Well, I can see this kind of change not happening in a future version of Csla... about 2/3rds of the exposed methods on DataPortal aren't typed, and it wouldn't be fun to fix existing code even for this simple (possibly mechanical) change... and it's probably not worth making redundant overloads like static class DataPortal<T>(params object[]){ public static T FetchChild<T>() just to not break existing code that have the method template params specified but not the class ones... if that would even work..

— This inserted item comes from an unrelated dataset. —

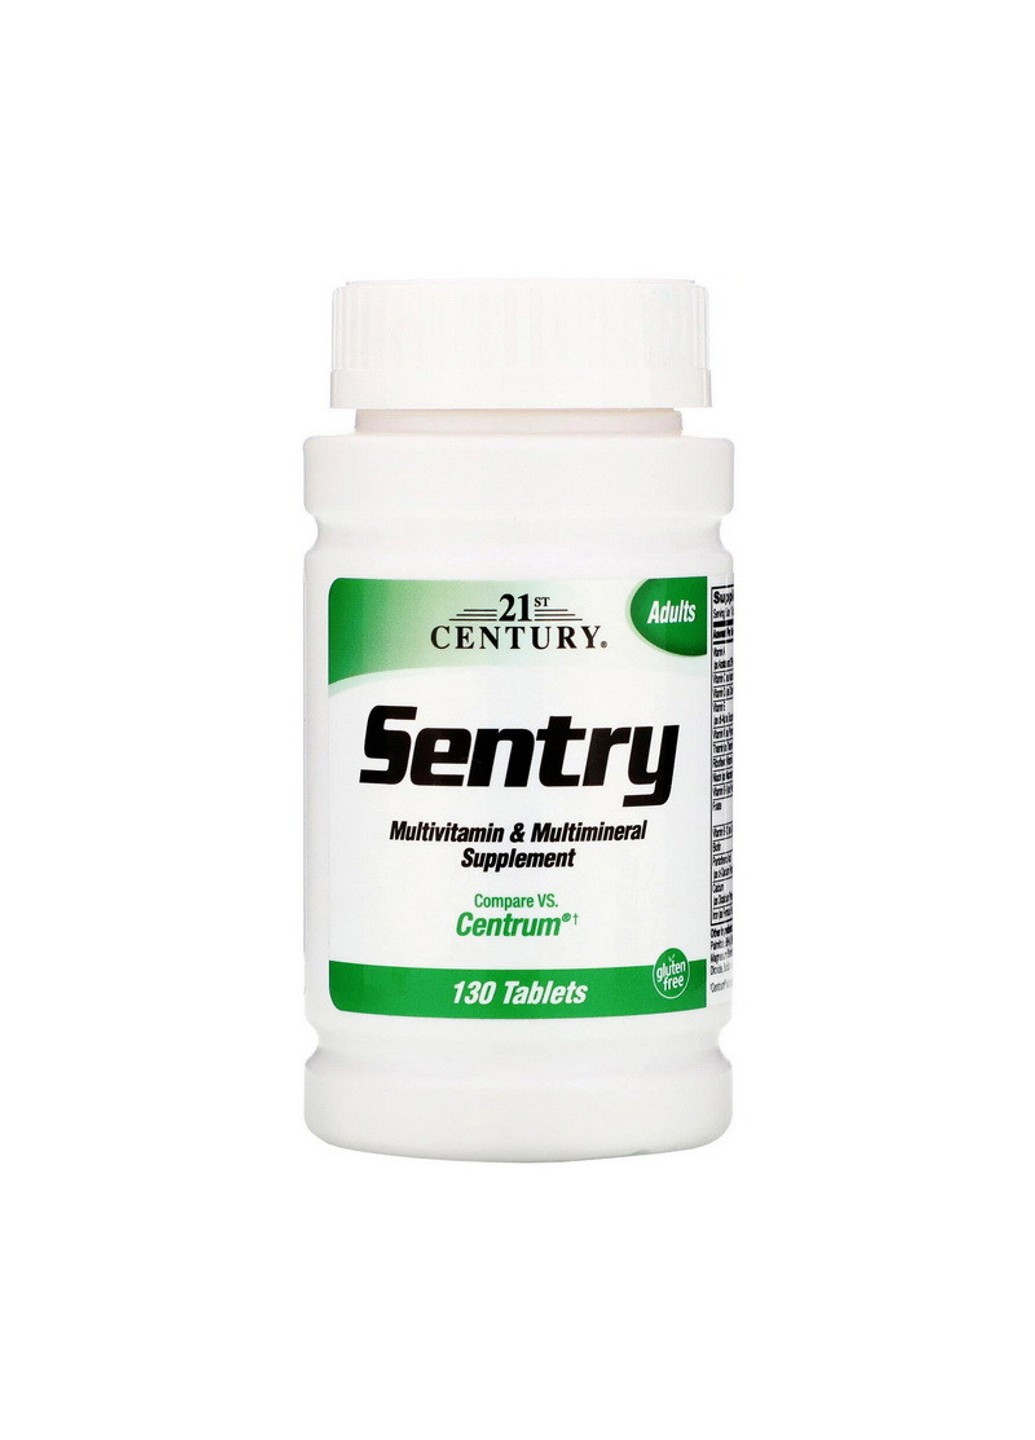 Комплекс витаминов Sentry Multivitamin & Multimineral Supplement (130 таб) 21 век центури 21st Century (255409629)

ihate replied on Wednesday, March 17, 2010

It seems I was wrong about DataPortal_FetchChild.  Changing it as follows does seem to behave like the templated overload version.

 

    public static T FetchChild<T>(params object[] parameters)

    {

// HACK? Fix issue where single Foo[] parameter is turned into apparent object[] of parameters

if (parameters != null && parameters.GetType() != typeof(object[])) {

parameters = new object[] {parameters};

}

      Server.ChildDataPortal portal = new Server.ChildDataPortal();

      return (T)(portal.Fetch(typeof(T), parameters));

 

    }

ihate replied on Wednesday, March 17, 2010

Here's another kludge that doesn't use GetType().  I found it interesting that FetchChild(null) resolves to FetchChild(object[] list).

 

Note that the behavior of the code below is different from the previous code when the passed list is actually an object[], it is now wrapped in another object[].

 

// a kludge to act like params object[], but only when there's 1 or more than one params, and that one param can't implicitly be cast to object[]

public static T FetchChild<T>(object param0, params object[] otherParamaters) {

if (otherParamaters == null || otherParamaters.Length == 0)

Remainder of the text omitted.